By William Joseph Heys
New regulations mean a new era for Formula 1 bringing a familiar sense of uncertainty.
For teams across the grid, 2026 offers both opportunity and the potential for things to go drastically wrong, as the sport undergoes its biggest technical reset in more than a decade.
Formula 1 has been here before.
Regulation overhauls have a habit of redrawing the competitive order, often in ways that few see coming.
In 2009, Brawn GP emerged from the ashes of Honda with a double diffuser concept that would go on to dominate a season nobody predicted.
In 2014, Mercedes’ mastery of the hybrid Power Unit ushered in years of dominance.
And in 2022, the Adrian Newey designed Red Bull interpreted the ground-effect rules better than anyone else.
History tells us that when the rulebook is torn up, nothing is certain.
The question for 2026 is will the same names still be at the front?
Or could one team bring us another Brawn GP situation?
A whole car reset
Formula 1 will introduce new aerodynamic rules, new power units, new fuels, narrower tyres, and new strategic tools for drivers.
The cars themselves will be shorter, narrower and lighter.
Ground-effect, which defined the 2022–25 era, has been abandoned.
DRS as we know it has been reworked into ‘Overtake Mode’ and brings the introduction of the visually striking active aero.

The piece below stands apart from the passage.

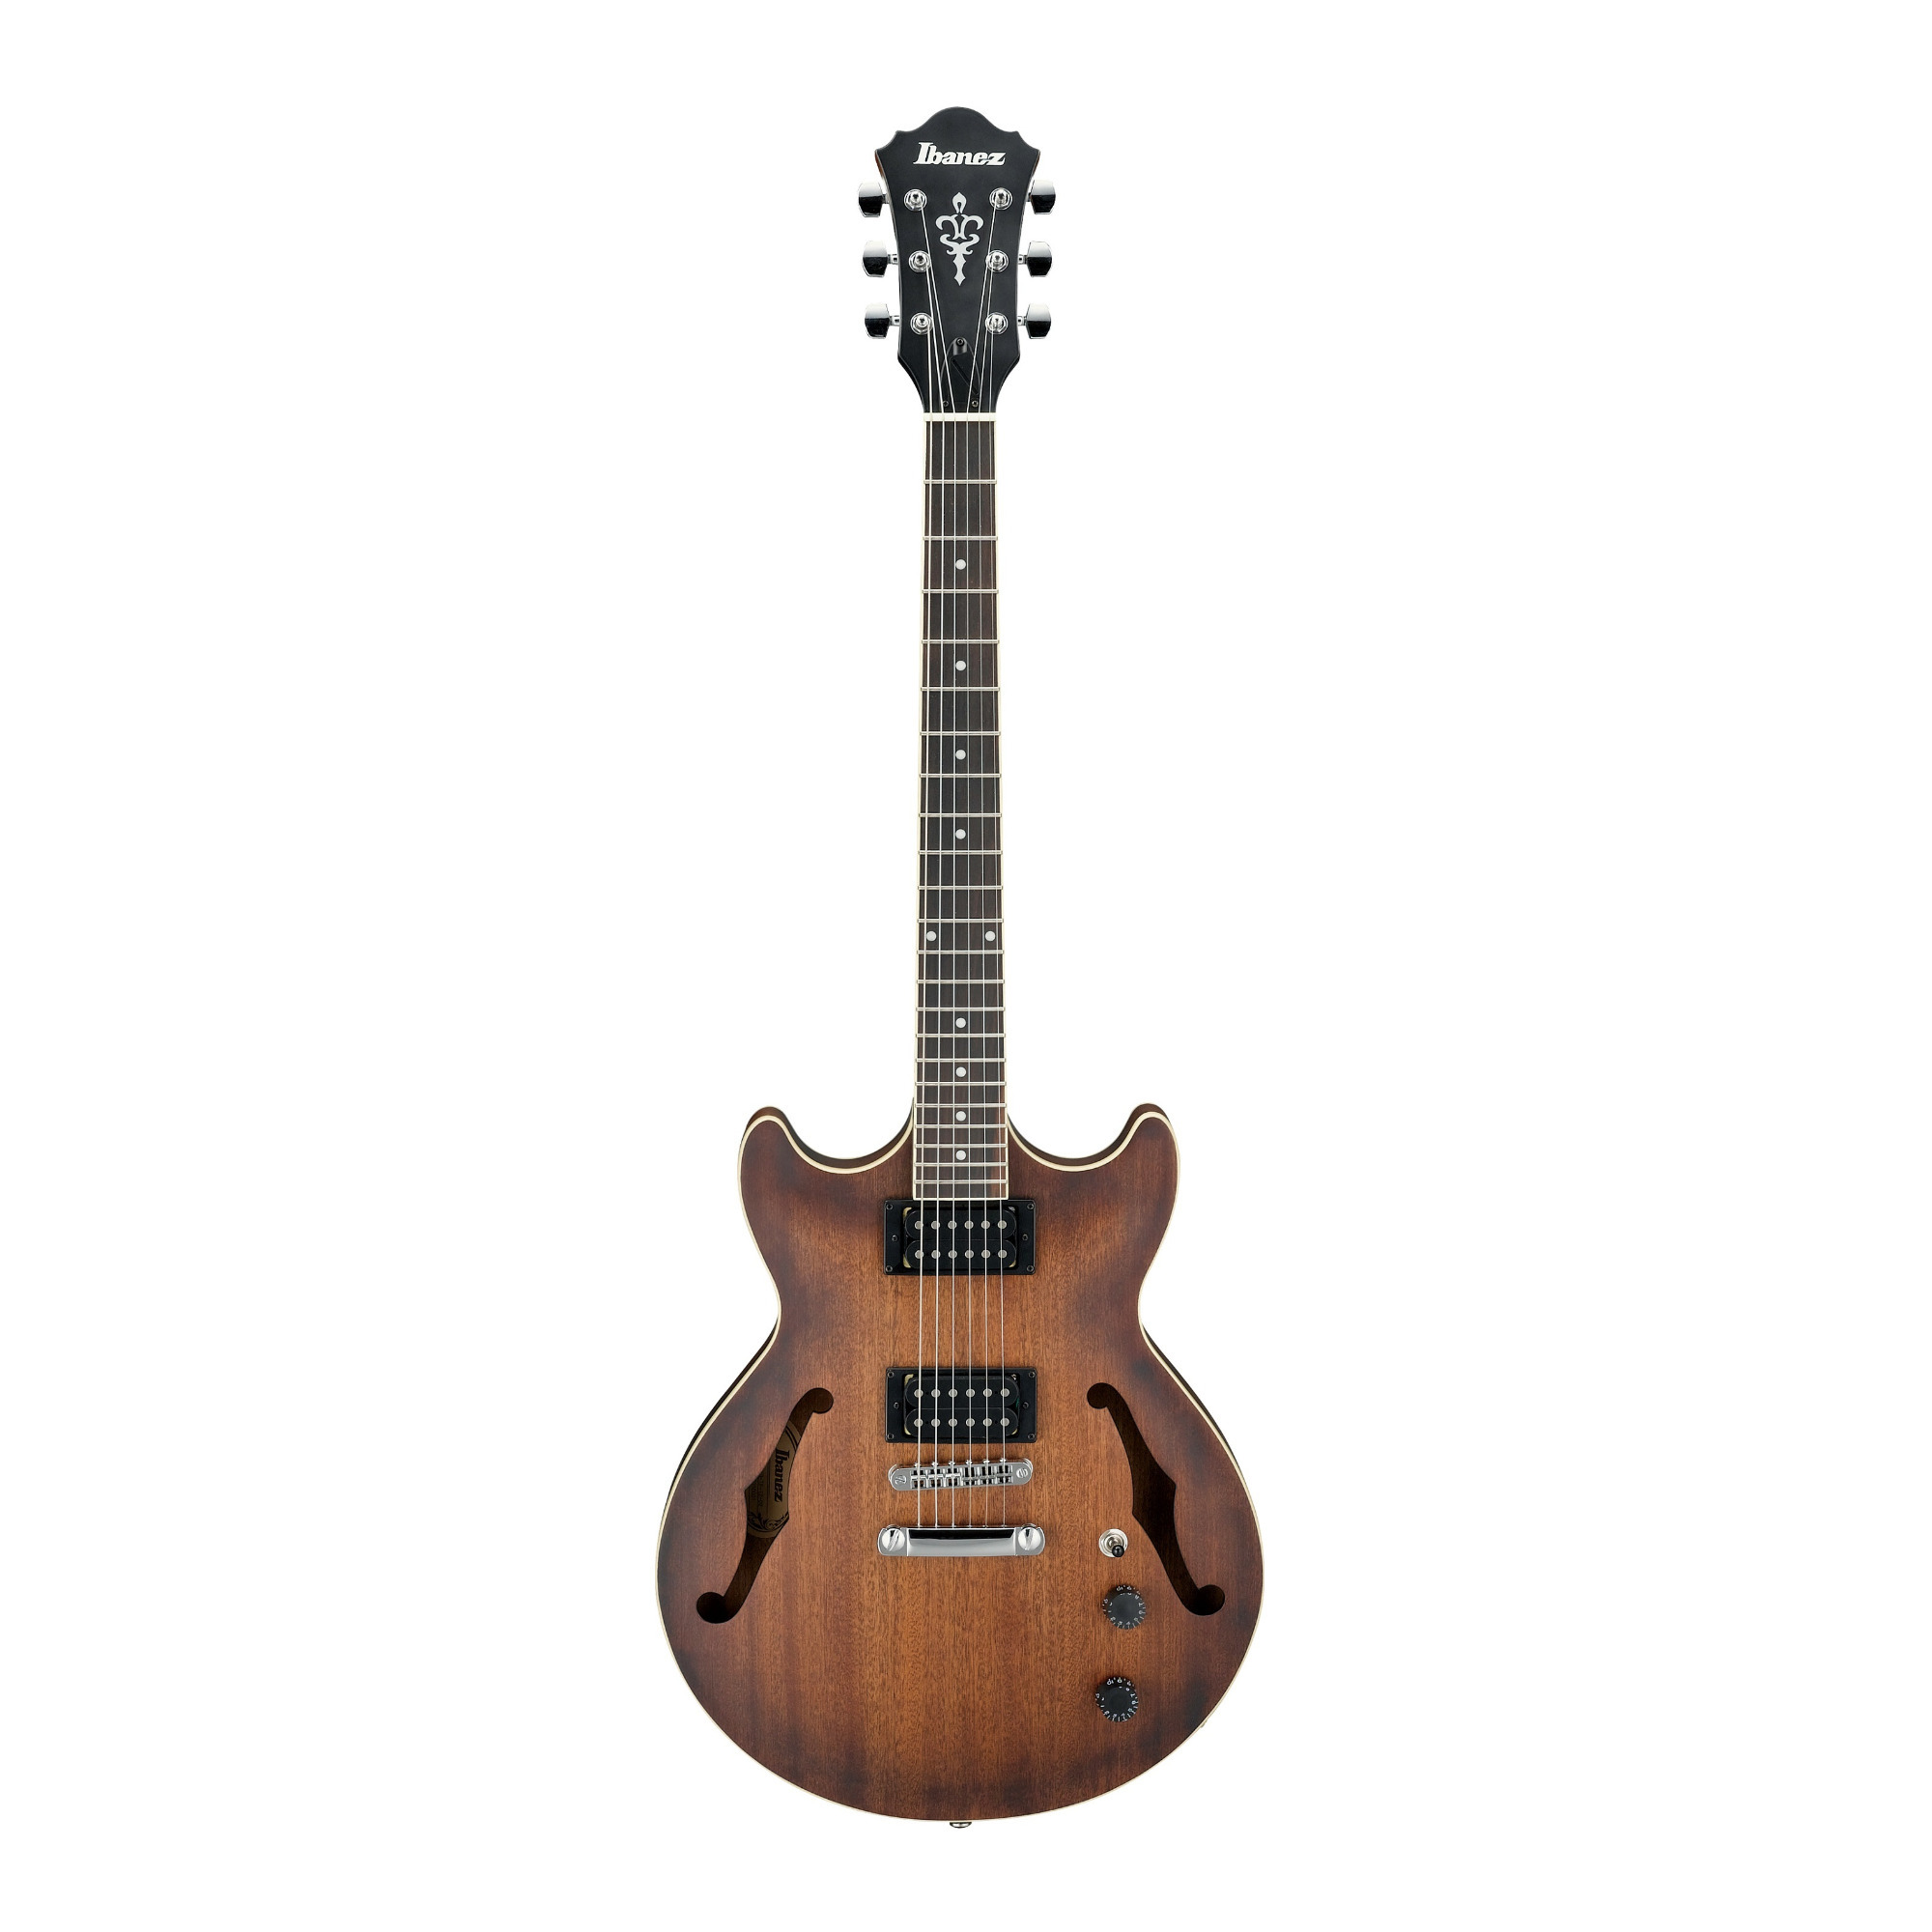 Ibanez AM53 6-String Hollow-Body Electric Guitar (Right-Hand, Tobacco Flat) -  AM53TF

Not only that, but for the first time since 2009, we have five separate engine manufacturers all competing with a brand new engine format.
They are: Ferrari, Mercedes, Ford, Honda and Audi – whilst the Ferrari propelled Cadillac have been approved to make a works engine in from 2029.
The new PUs will have a 50-50 split of combustion engine power vs electrical power with the MGU-H being completely removed.
Who could take pole?
The story of Brawn GP seems to have similarities to that of Alpine.
Both teams completely wrote off a season to focus on new regulations.
Plus, signing Mercedes as their new power unit partner.
Could Pierre Gasly cook up another surprise win this year?
Over at Grove, they may not have turned up to the Barcelona shakedowns, but James Vowels seems confident in the 2026 package
He has consistently said he did not care about 2022-2025, but was waiting for 2026.
For a team principal to not care about the car in 2025, in which Carlos Sainz got two podiums for the team, gives Williams fans some long awaited hope.
Winless since Pastor Maldonado’s superb display in Barcelon 2012, Williams could finally reach the top step again.
Who is going home pointless?
Aston Martin completed the least laps of any at that were present at Barcelona’s pre-season shakedown, but showed up with an array of inspiring aero components.
Could they be Newey genius?
Adrian Newey is not a bullet proof solution to a Formula 1 Championship, but it’s the closest teams can get to it.
You would have to be very brave to bet against him
Martin Brundle reported to Sky F1 “Adrian was saying to me that Honda, they’re having to play catch-up, because they were leaving and then they came back in.”
Cadillac are facing a COTA Turn 1 sized hill to climb.
They do have a lot going for them: the most experienced driver pairing on the grid, a team enriched in international motorsports success and a Ferrari PU.
But it is hard task to join Formula One starting from nothing.
Haas were the last new team to enter finishing P8 in their debut season.
Before that were the likes of HRT, Lotus, Virgin Racing, Caterham and Marussia who combined scored 2 World Championship points.
The trend says that it might be a while before we see Cadillac score some significant points.